Please set down only the lines below starting with the line with "Мягкая кровать Афина" and going on through the line with "porte monnaie Azzaro en cuir noir", verbatim and without pictures.
--- DATASET ENTRIES Enclosed Below ---
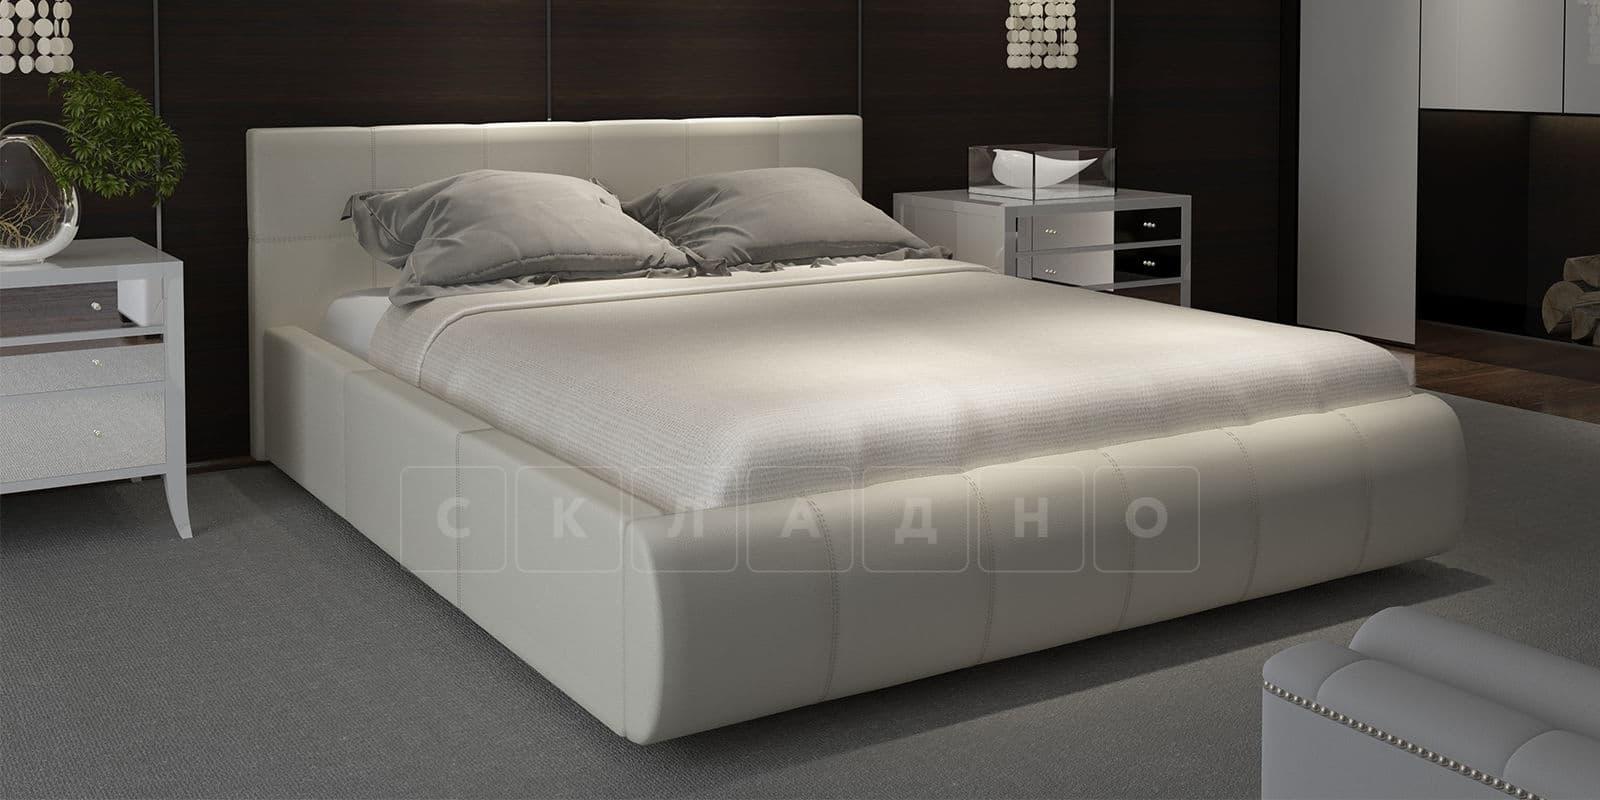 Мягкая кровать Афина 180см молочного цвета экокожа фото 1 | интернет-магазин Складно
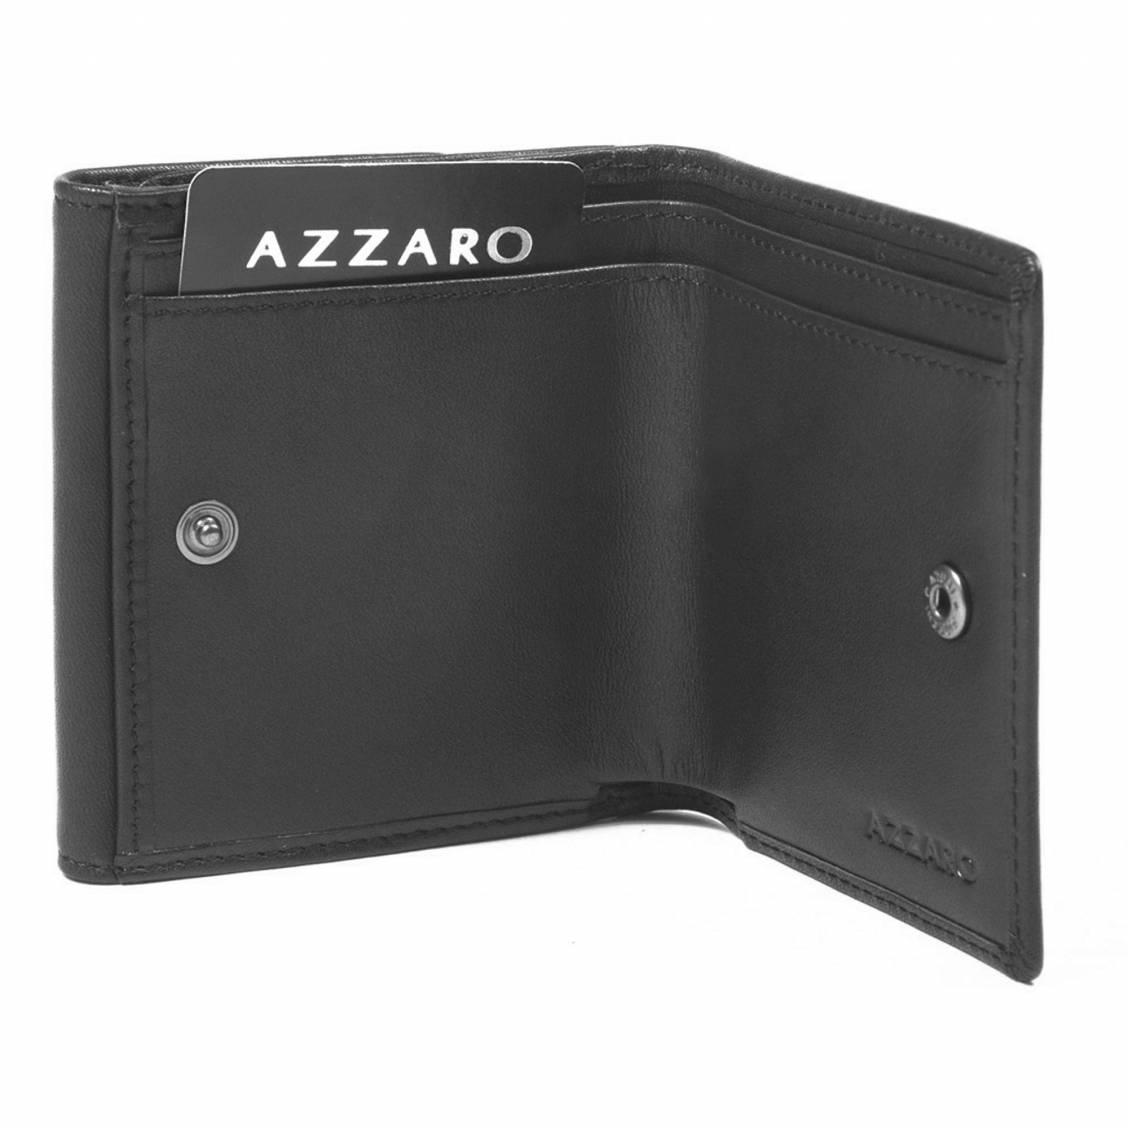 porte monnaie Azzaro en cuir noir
--- End of Enclosed DATASET ENTRIES ---
--- DATASET ENTRIES Enclosed Below ---
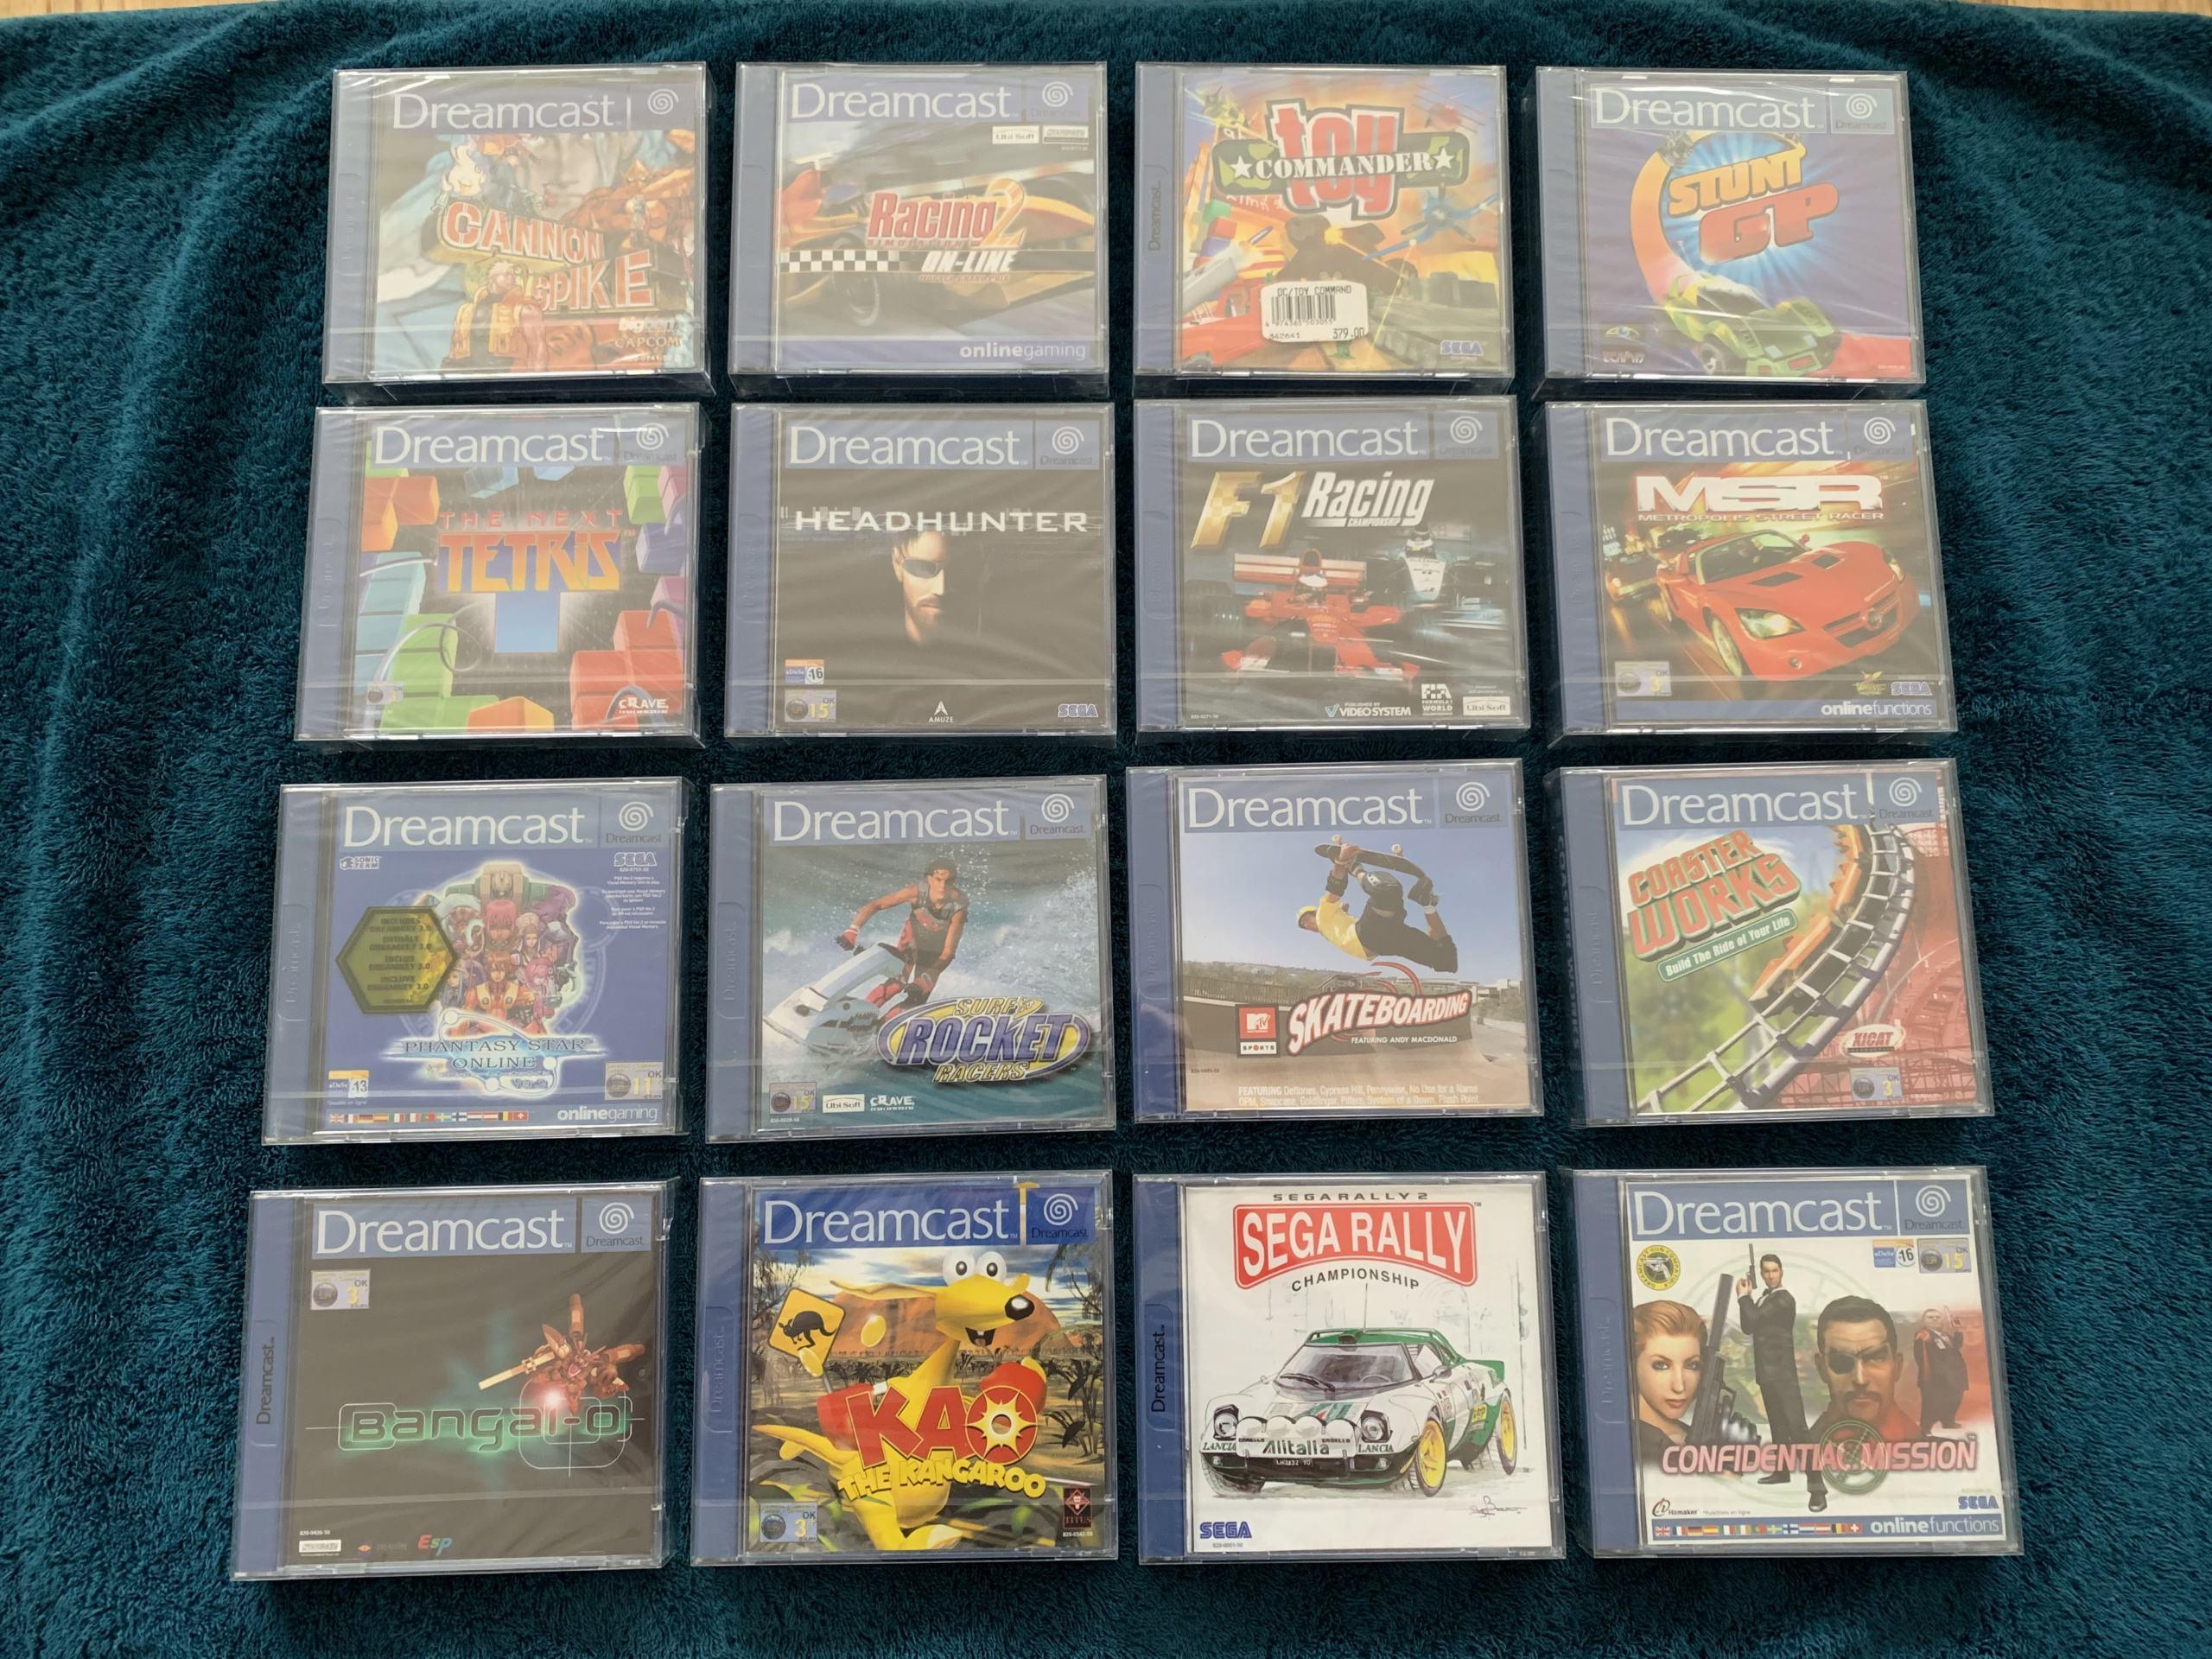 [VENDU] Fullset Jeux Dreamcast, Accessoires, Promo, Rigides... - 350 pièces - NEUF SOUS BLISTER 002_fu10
--- End of Enclosed DATASET ENTRIES ---
| RESULT BELOW |
 Мягкая кровать Афина 180см молочного цвета экокожа фото 1 | интернет-магазин Складно
 porte monnaie Azzaro en cuir noir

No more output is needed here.